Riverwater Companions, an funding administration firm, launched its “Small Cap Technique” Q1 2026 investor letter. A duplicate of the letter might be downloaded right here. In Q1 2026, the Riverwater Small Cap Technique outperformed the Russell 2000 Index. The quarter rewarded endurance and self-discipline. The primary quarter of 2026 noticed a big shift in market management and threat perceptions, attributable to geopolitical tensions within the Center East and considerations over sustainable progress within the software program and AI sectors. Moreover, personal credit score markets are beneath stress. On this setting, the agency is concentrating on figuring out market dislocations attributable to what it perceives as indiscriminate promoting, notably in AI-related areas. As well as, please verify the Technique’s prime 5 holdings to know its greatest picks in 2026.
In its first-quarter 2026 investor letter, Riverwater Companions Small Cap Technique highlighted shares like AtriCure, Inc. (NASDAQ:ATRC). AtriCure, Inc. (NASDAQ:ATRC) is a medical gadget firm centered on the event and manufacture of applied sciences for the surgical ablation of cardiac tissue, exclusion of the left atrial appendage, and short-term ache administration. On Could 4, 2026, AtriCure, Inc. (NASDAQ:ATRC) closed at $28.78 per share. One-month return of AtriCure, Inc. (NASDAQ:ATRC) was 0.17%, and its shares misplaced 3.05% over the previous 52 weeks. AtriCure, Inc. (NASDAQ:ATRC) has a market capitalization of $1.46 billion.

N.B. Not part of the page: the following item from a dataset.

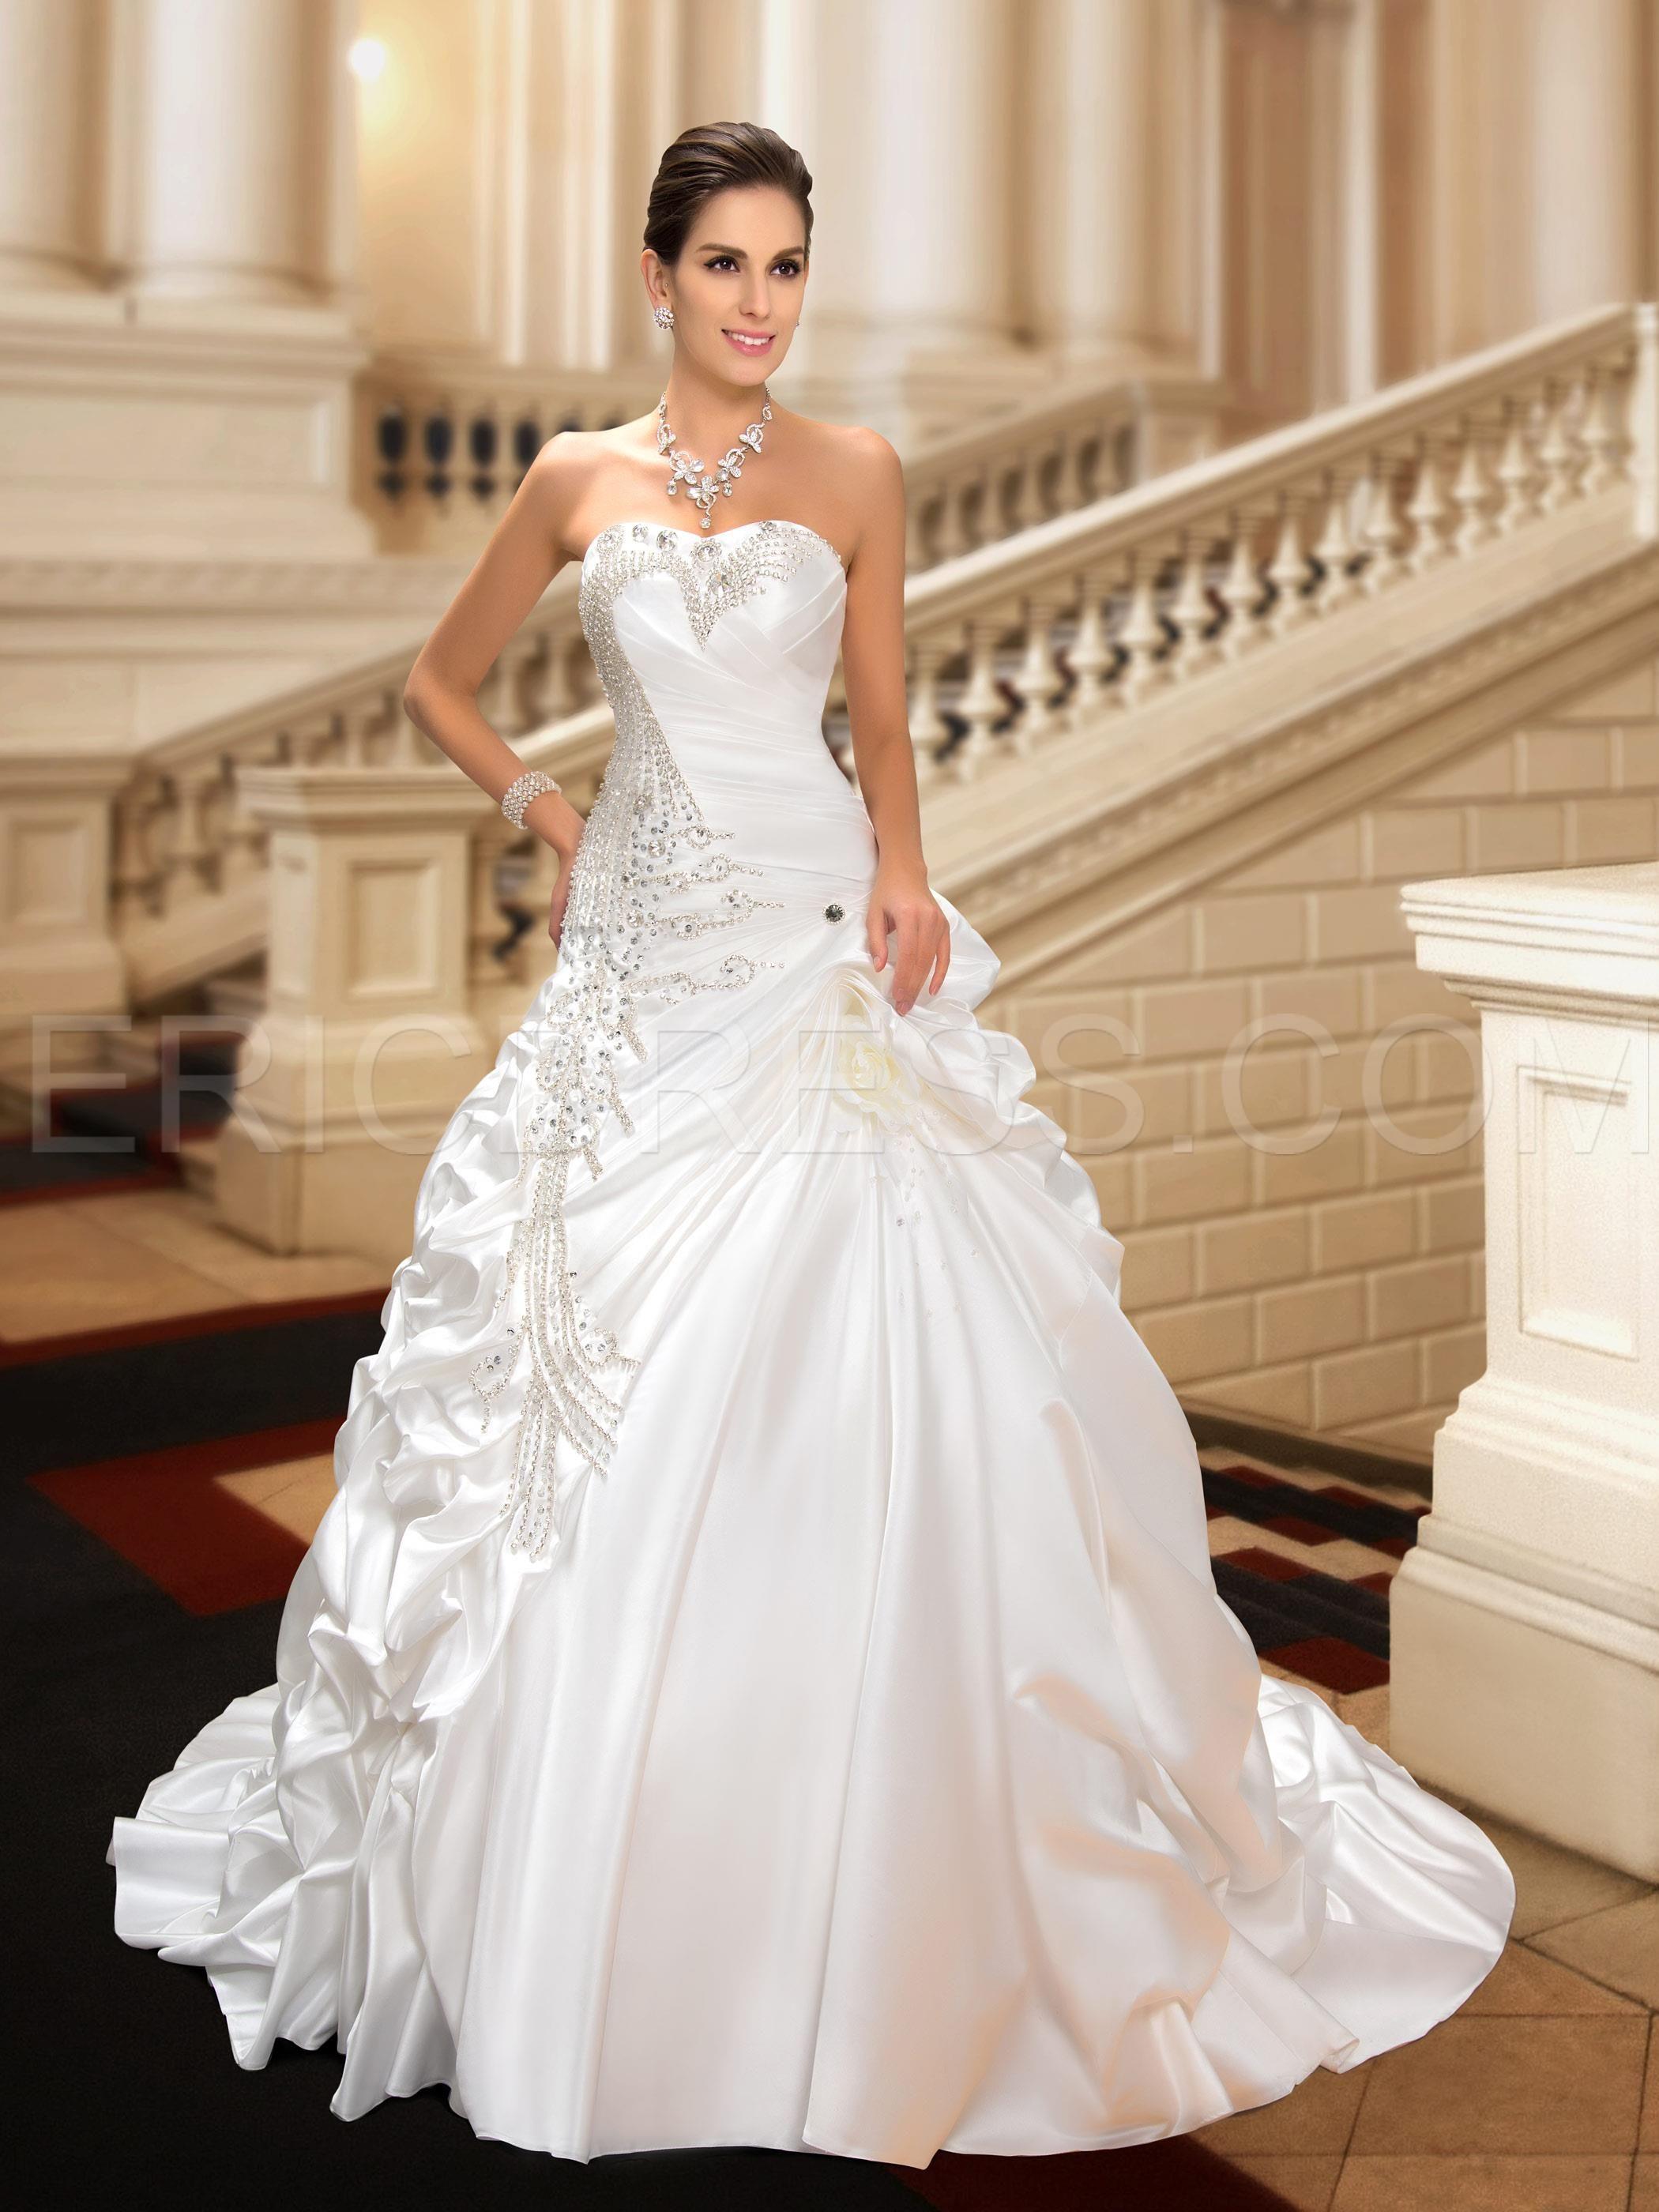 Glamorous Sweetheart Crystal Ball Gown Wedding Dress | Wedding dress ...
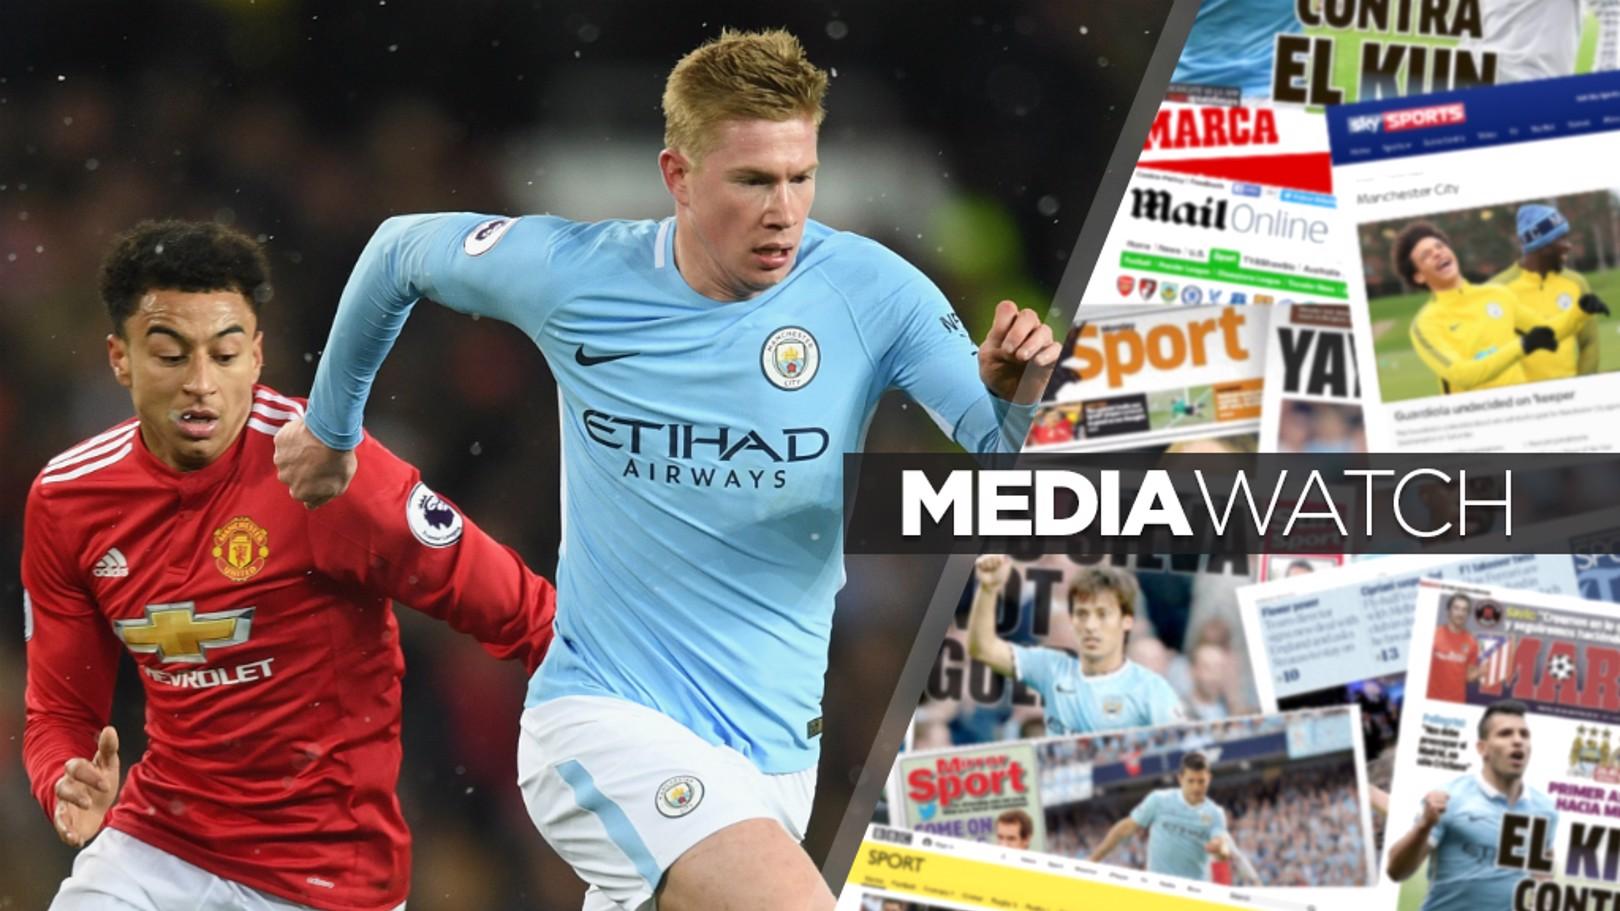 Media Watch: Manchester Derby special

Riverwater Companions Small Cap Technique acknowledged the next relating to AtriCure, Inc. (NASDAQ:ATRC) in its Q1 2026 investor letter:
“AtriCure, Inc. (NASDAQ:ATRC) underperformed in the course of the first quarter of 2026 regardless of delivering a powerful earnings report and offering 2026 steering that got here in above road expectations, reflecting continued momentum throughout its core atrial fibrillation and appendage administration companies. The inventory’s weak spot was pushed much less by fundamentals and extra by a shift in investor sentiment following Edwards Lifesciences’ announcement of a competing surgical left atrial appendage closure (LAAC) product, which can straight compete with AtriCure’s AtriClip franchise. This growth created an overhang on the shares, as buyers reassessed the sturdiness of AtriCure’s market management in appendage administration. Nonetheless, Edwards’ product just isn’t anticipated to be totally obtainable till late in 2026 or 2027, whereas AtriCure’s AtriClip is already nicely established and broadly adopted amongst cardiac surgeons, supported by sturdy scientific knowledge and entrenched doctor relationships. In our view, the sell-off displays near-term aggressive considerations somewhat than a deterioration within the firm’s underlying progress trajectory, and AtriCure stays nicely positioned given its first-mover benefit and deep integration inside surgical workflows.”